The whole thing was scary and deeply embarrassing – to have a meltdown in public, like a massive baby, has always been one of my worst fears, even though I know that people have been melting down in public since the beginning of time, since before there was even a public to melt down in. I also worried knowing that I would have alarmed and even frightened many people who were just trying to go about their business. But what I found was that people were actually really kind about me going crazy. So it wasn't as terrible as it could've been.
In retrospect – after a psych appointment and an appointment with a GP who insisted that I practise smiling and that I might be somehow taking in the 'pheromones' of all the depressed people at the university – I confess that I also find it a bit funny.
Friday
The morning ride. Chilly air again, but a gold-blue sky. The Leg has been much less gripy this week and as I rode along I realised with a flood of relief that I was feeling pretty normal, bordering on cheery. 'Normal' really is one of the great experiences.
After work I zoomed into town for a poetry reading. I locked my bike to a fence and then after the poetry reading I couldn't find my bike lock key in my bag or any of my pockets. It was gone, lost to the night. I blame poetry. Nothing to do but leave my bike where it was, amateurishly leaving it with all its lights still clipped on, so of course when I came back in the morning some fucker had stripped it naked of the lights. I hadn't been able to find a spare bike lock key anywhere at home – I have about fifty other bike lock keys, none of them right, and why I've kept them I don’t know. So I went sheepishly into Bicycle Junction to ask for advice, and a nice man said he could help liberate my bike for me. After that, I bought a new lock. A new era of locking begins.
A silly ending to the week, but an ending.
I’ve loved your outbursts of expletives and giving deserving drivers the fingers and scowls, and felt a bit envious of your, shall we say, emotional generosity.
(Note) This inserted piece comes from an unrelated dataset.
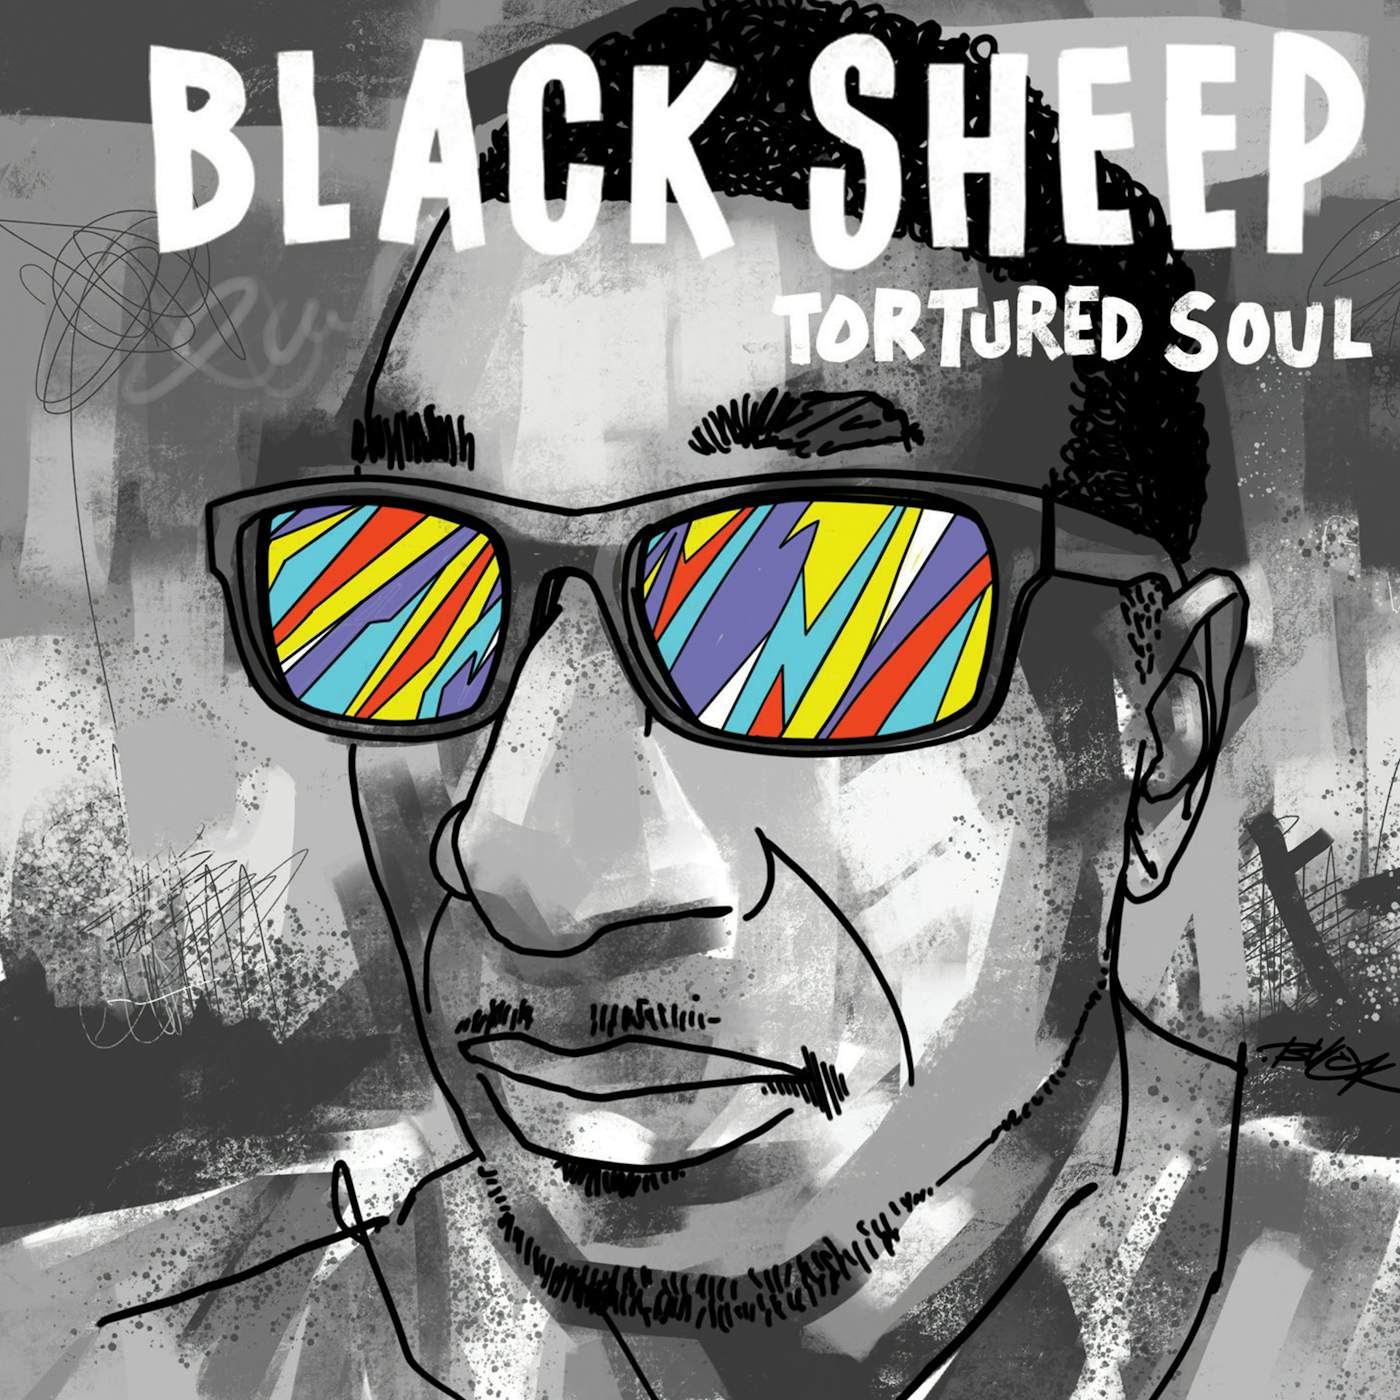 Black Sheep TORTURED SOUL CD

This outburst was next-level; very real. I feel honoured and privileged to have read it. And grateful. I feel more human and open-hearted and reflective. They seem related (the various outbursts), and overall healthy, on balance, in spite of the extremes of scale. Like you wouldn’t get one without the other, and having neither would be poverty, frightening as the recent extreme doubtless was. Having shared your experience, as reader, I think now I’ll be kinder to myself and others - but not necessarily to obnoxious motorists.